如何检查整数或字符串，以及是否再次询问[Java]

Question

There are a bunch of threads throughout the internet on this but I can't make heads or tails of any of them.

As an assignment for an intro to Java course we have been tasked with making a handful of different programs, we were then given them back and told to make them idiot proof.

So for example, we have to use a program to determine what day of the week a random day of any random year will be, (ie Jan 1 2013 being a Tuesday)

I prompt for three things, Day, Year and Month, I want to make it so that if Day is contains a letter it sends back Invalid and prompts again.

Right now I have it set so that if day is an integer less than one or greater than 31 it asks again, so I don't have a problem with the range, just the NFE.

I have heard that I should use a

 Try
    {
    //...
    }
    catch{NumberFormatExcept nFE}

but I have no idea how to use that to re-prompt for what I an looking for

Here is a snippet of my code so far

             System.out.print("Enter the day of the month (1-31): ");
             int d = UserInput.nextInt();

            do
            {
                if(d < 1 || d > 31)
                {
                    System.out.print("That day is invalid, please enter a day between 1 and 31");
                    d = UserInput.nextInt();
                }
            }while(d < 1 || d > 31);

I tried making da string and using Integer.parseInt(); but that would just parse a into 1, I want to so something like if d.hasNextInt(); continue, but if it hasNextString() reprompt.

AKA

    String d;
    d = UserInput.nextLine();
    int dVar = Integer.parseInt(d);

I can't just throw an exception because the objective is to not crash but just prompt again.

Answer 1

Consider creating a method for reading in a valid integer. Pass this method the valid integer range. The method would attempt to read the value once and validate. If the method fails, return null , if it passes return the Integer . Call this method in a do-while loop until you get a non-null Integer .

Answer 2

It looks like you are using Scanner to get input. (By the way, in Java, it is conventional for variables to start with lower-case letters).

If that's the case, if you attempt to scan an int when there isn't one in the input, an InputMismatchException will be thrown. You avoid this by testing whether this will happen before you try to read the int .

So, think about a loop structure like this:

int d = 0;
while (true) {
  if (/* The input isn't an integer */) {
    /* Tell the user. */
    continue;
  }
  d = input.nextInt();
  if (/* The input is out of range */) {
    /* Tell the user. */
    continue;
  }
  ...
  /* When you've completed all of your tests and everything is okay, break. */
  break;
}

By the way, many months don't have 31 days.

Answer 3

First off, you really shouldn't use exceptions for input validations.

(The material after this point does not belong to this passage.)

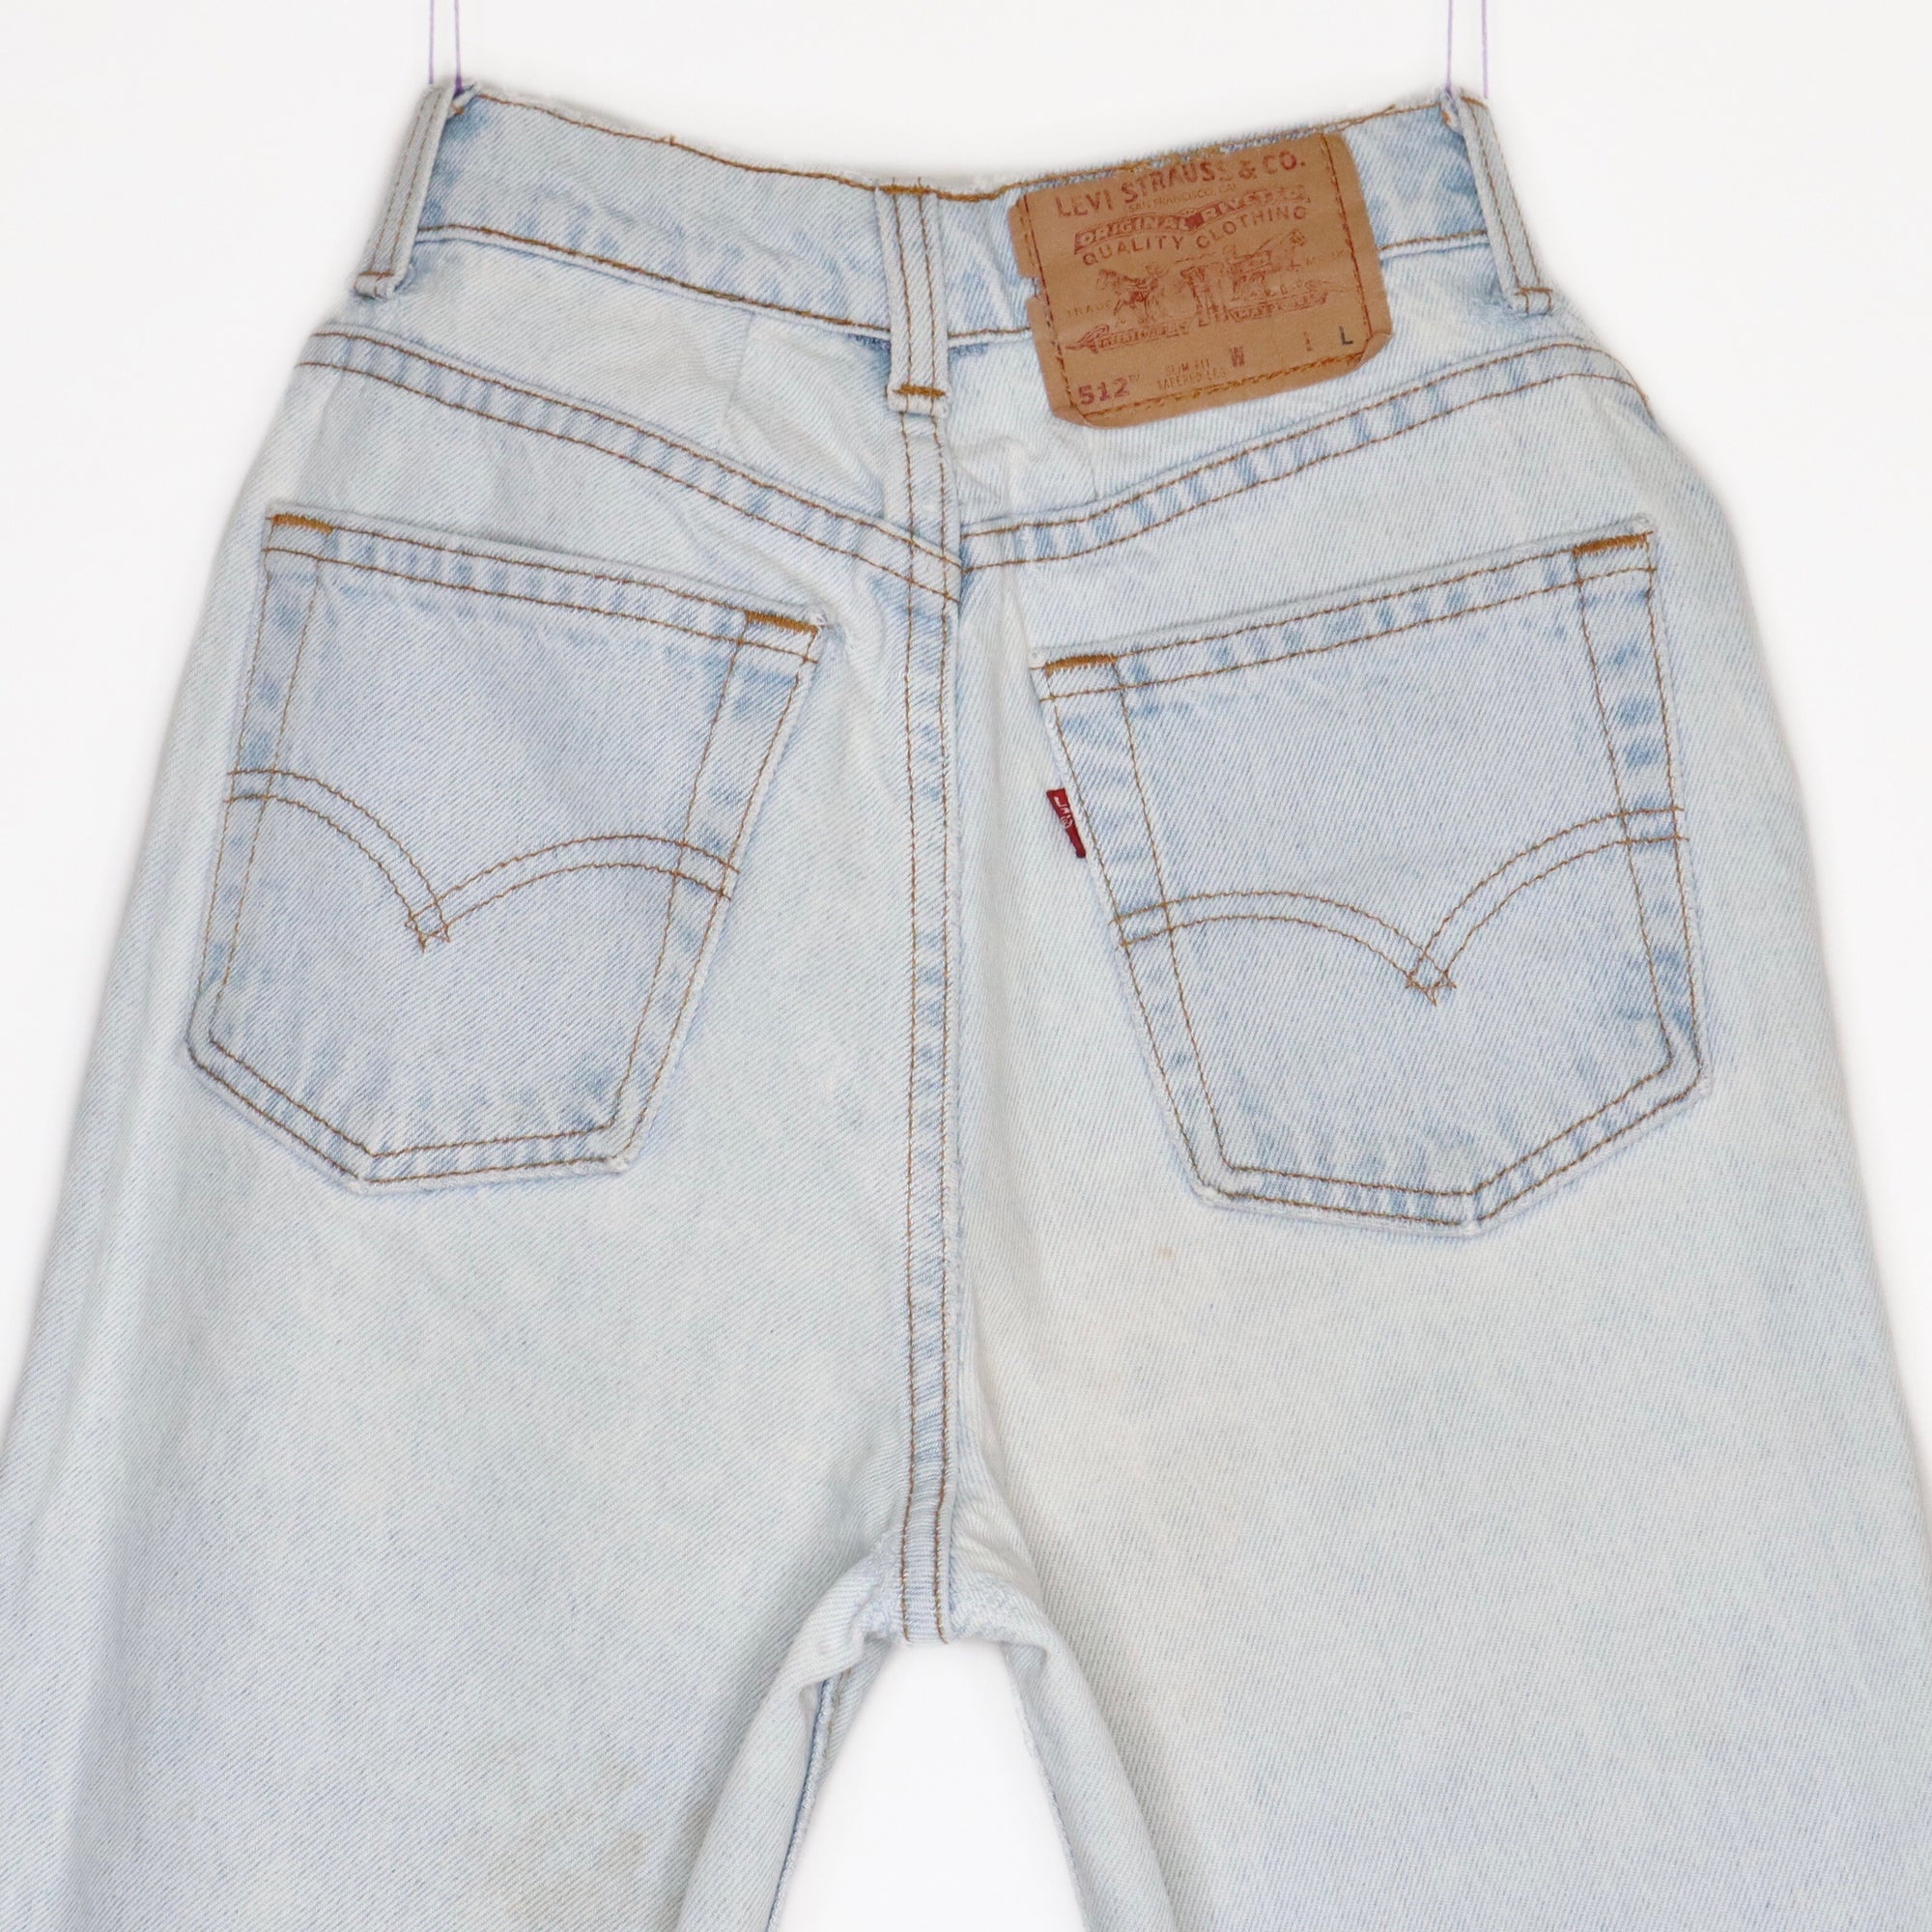 Vintage 90s Light Wash High Waisted Levis Jeans

Exceptions are for exceptional conditions ; things you don't expect to happen. Josh Bloch outlines this specifically in his excellent book Effective Java

As for your code, I would suggest using the hasNextInt() method combined with getting the input as an int and checking for the range you require as you've actually stated in your question.

int d = 0;

while (d < 1 || d > 31)
{
    System.out.print("Enter the day of the month (1-31): ");
    if (userInput.hasNextInt())
    {
        int d = userInput.nextInt();

    }
    else
    {
        String s = userInput.next();
    }

    if(d < 1 || d > 31)
    {
        System.out.print("That day is invalid - ");
    }    

}

Answer 4

Are you familiar with the behavior of a try-catch statement?

try
{
   //do something that may throw an exception you can handle
}
catch(Exception ex)
{
   //If we enter this block, an exception was thrown from the try block's code

   //If you cannot fully handle the exception, you can rethrow it
   throw ex;
}
finally
{
   //This code ALWAYS executes, unless the program is aborted from outside its scope
}

You can use this inside some other loop, allowing you to define behavior based on whether an exception was thrown. This code is in C#; it is syntactically very close to Java but I'm a little light on Java's libraries so substitute proper class names/method calls as necessary:

int day = 0;
while(true) //we will manually break out of the loop once the user enters a valid value
   {
      try
      {
        //Ask user for input
        string input = Console.ReadLine();
        day = Int32.Parse(input); //this will throw an exception if input is not numeric

        //You can throw your own exception within a try block too
        if (day < 1 || day > 31) throw new Exception("Date not within proper bounds");

        break; //if the parse worked and the value passed the validation, end the loop.
      }
      catch(Exception ex) //You can catch something more specific
      {
        //The parse failed; tell the user that they screwed up, and how
        Console.WriteLine("Invalid entry: " + ex.Message);
        //skip the rest of the loop's code and start a new iteration of the loop
        continue; 
      }
   }

The behavior of this construct is that while the user keeps entering values that cannot be turned into a number between 1 and 31, exceptions will be thrown, caught, and used to perpetuate the loop. As soon as the user enters something you can work with, execution flow will move past this loop to whatever is next.